Exercise requirements: Go through the lines below and repeat each one exactly, skipping pictures.

Data provided:
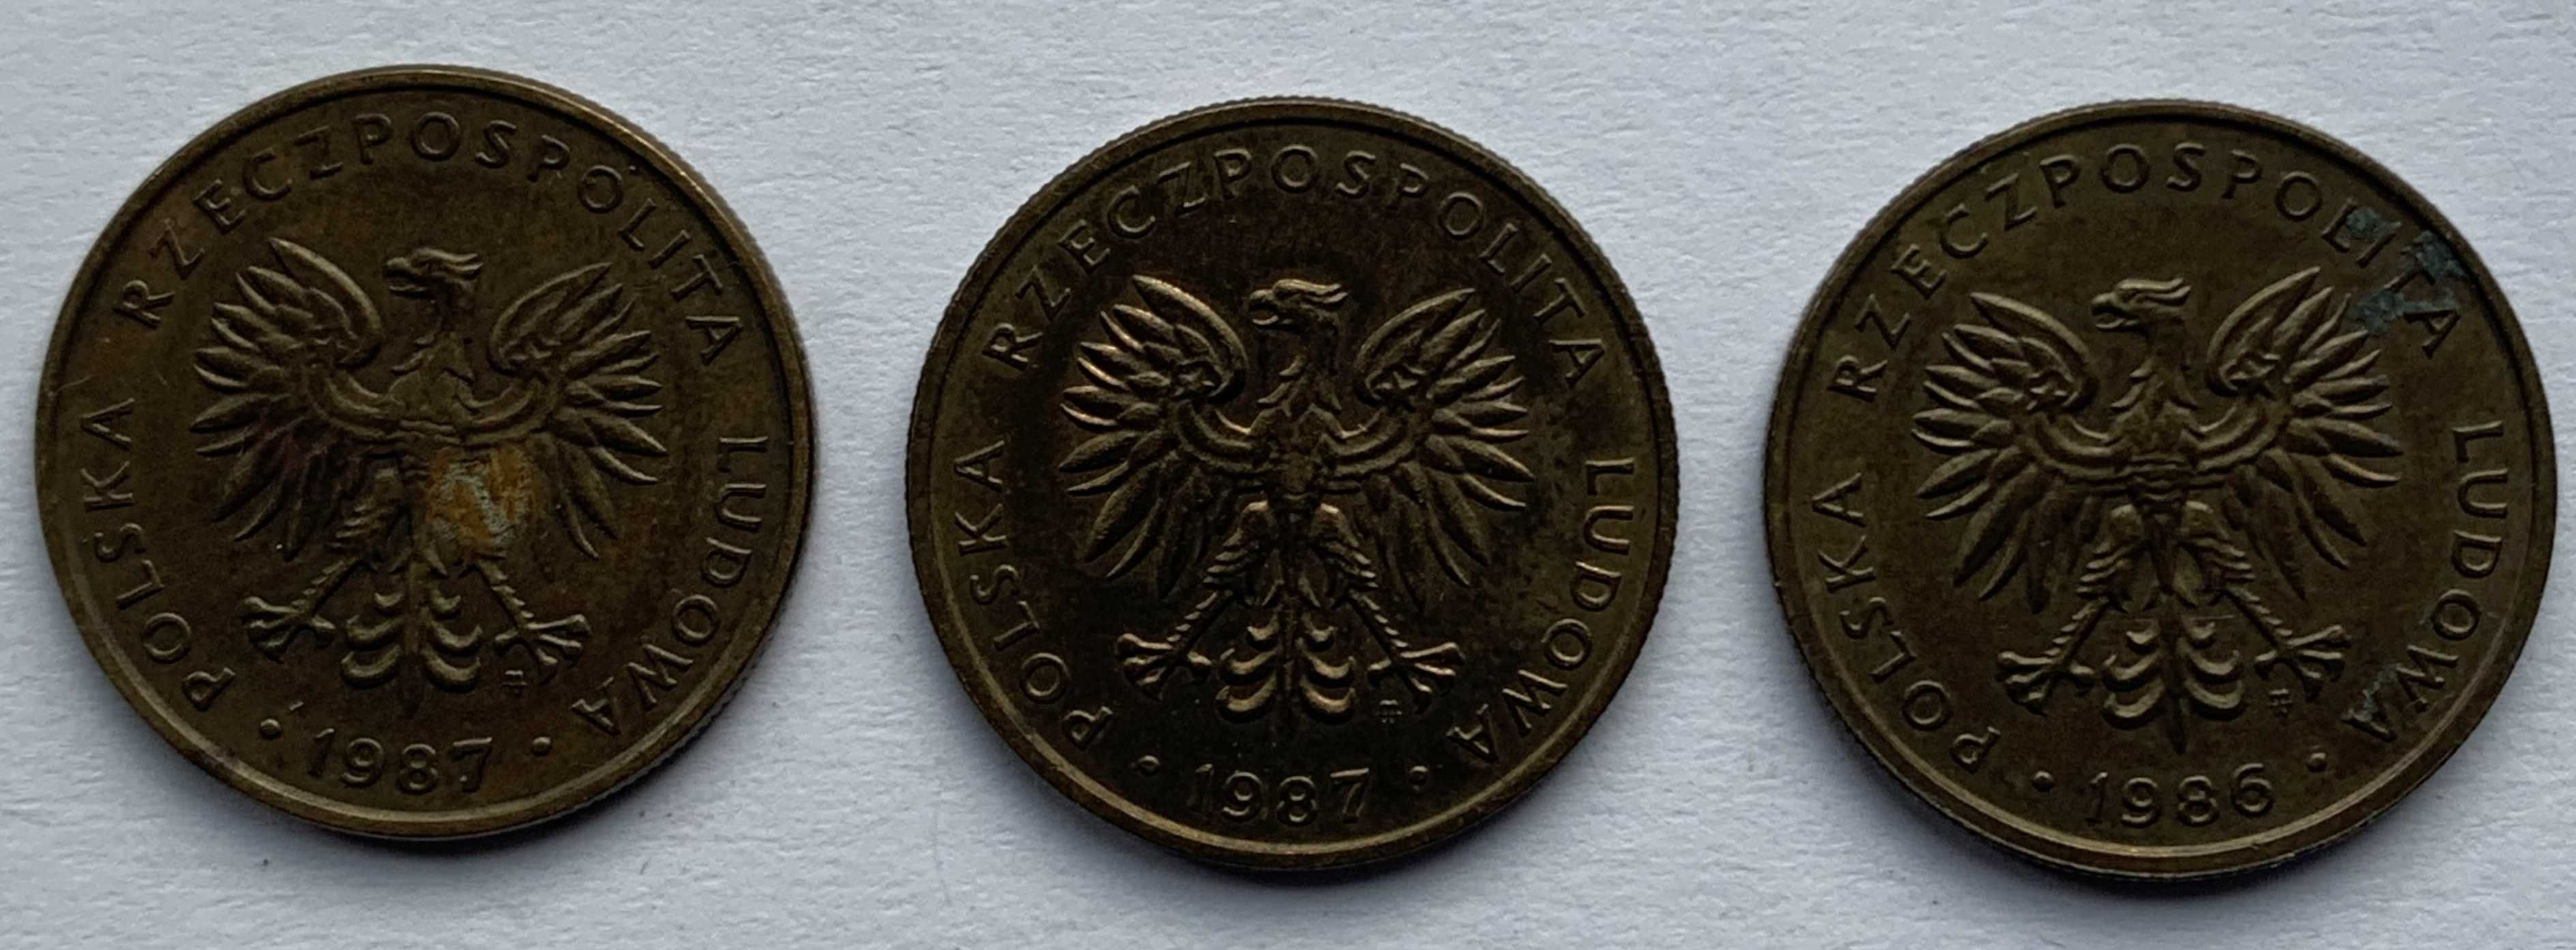 Moneta 5zl z roku 87 i 86
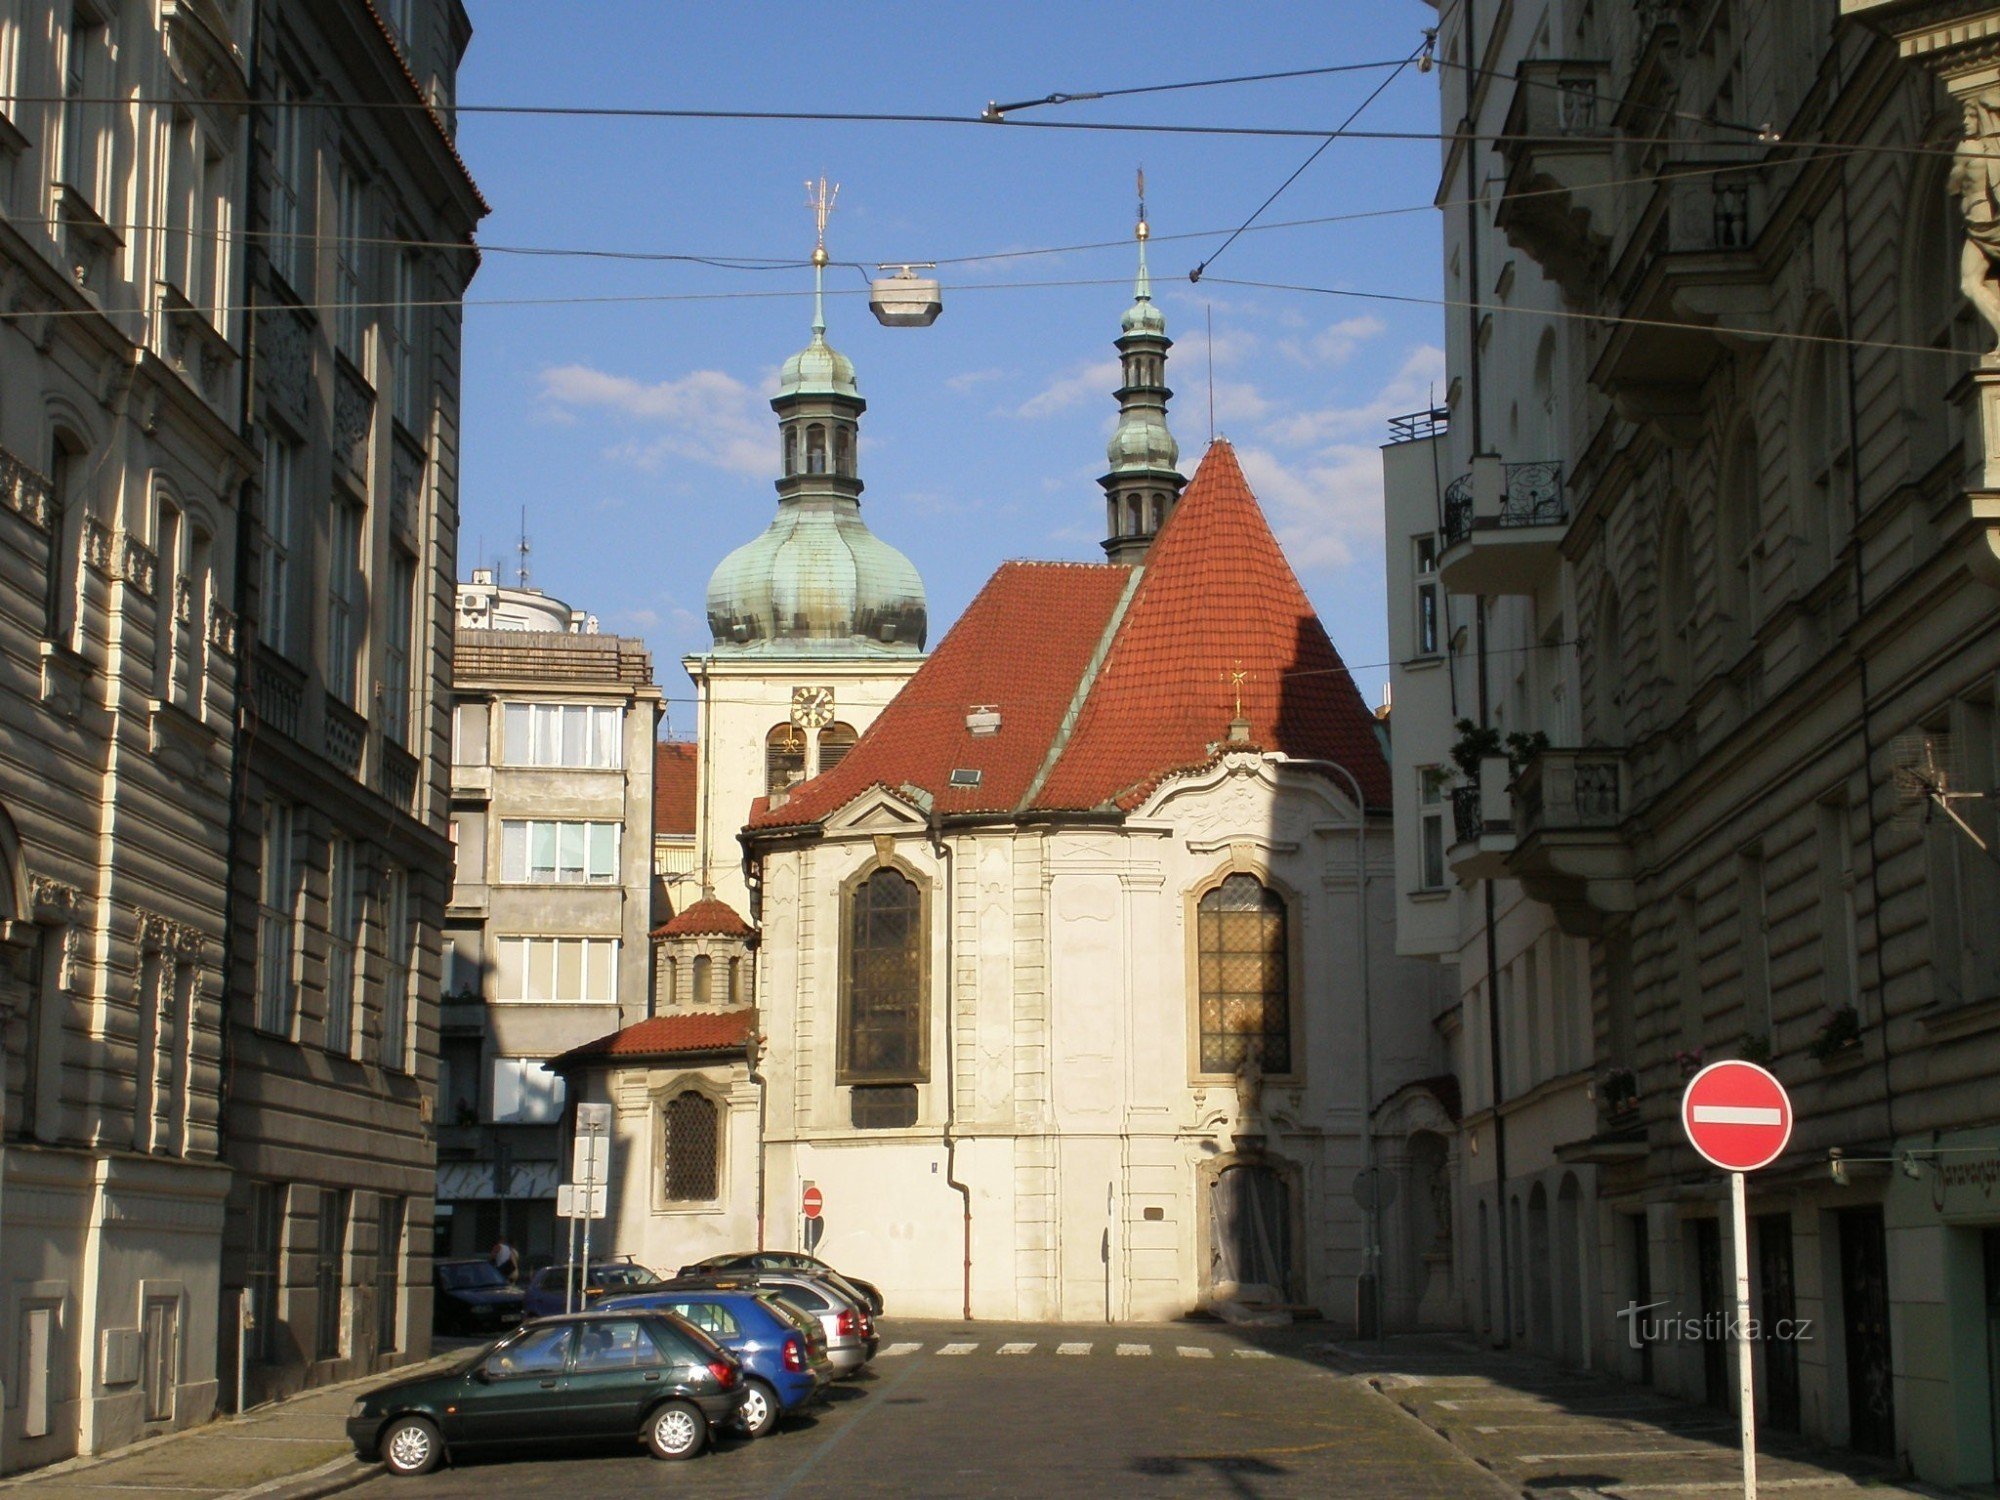 New Town - Church of St. Vojtěch
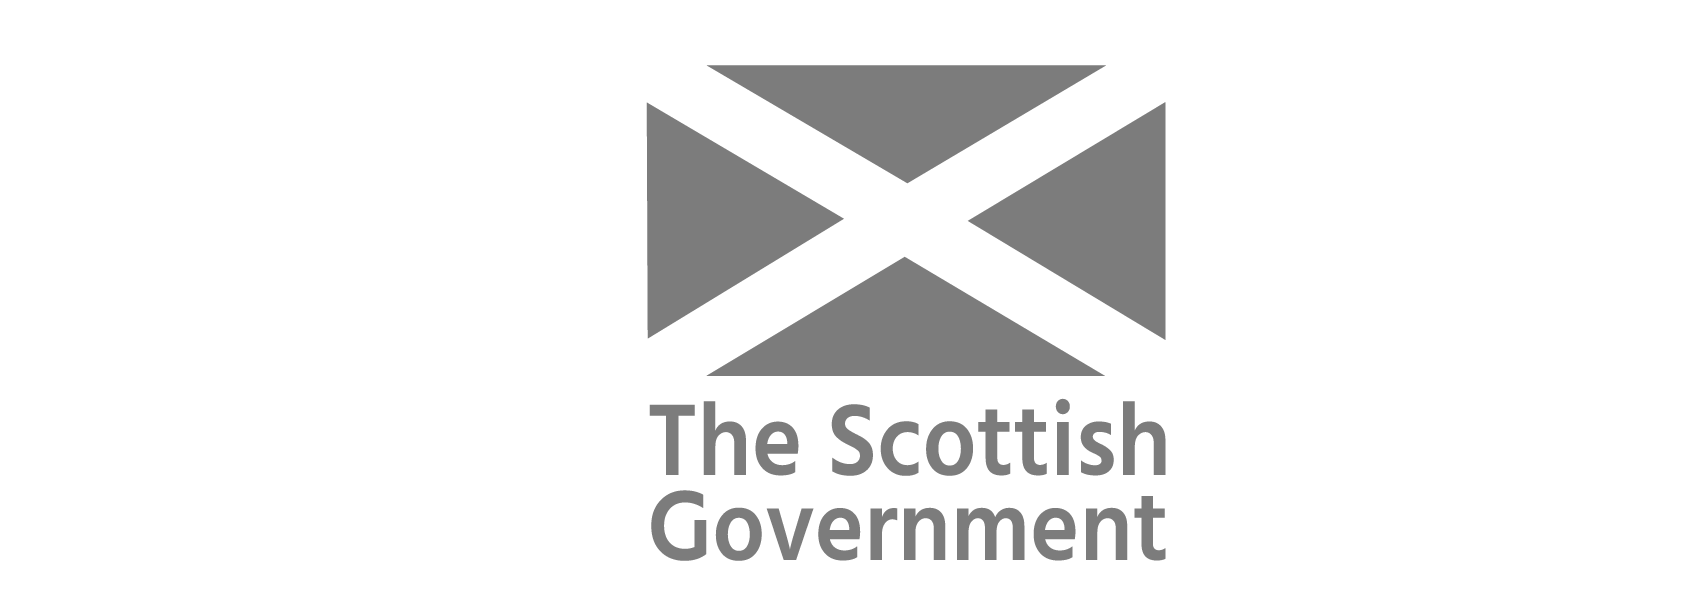 the-scottish-government-logo-5

Output:
 Moneta 5zl z roku 87 i 86
 New Town - Church of St. Vojtěch
 the-scottish-government-logo-5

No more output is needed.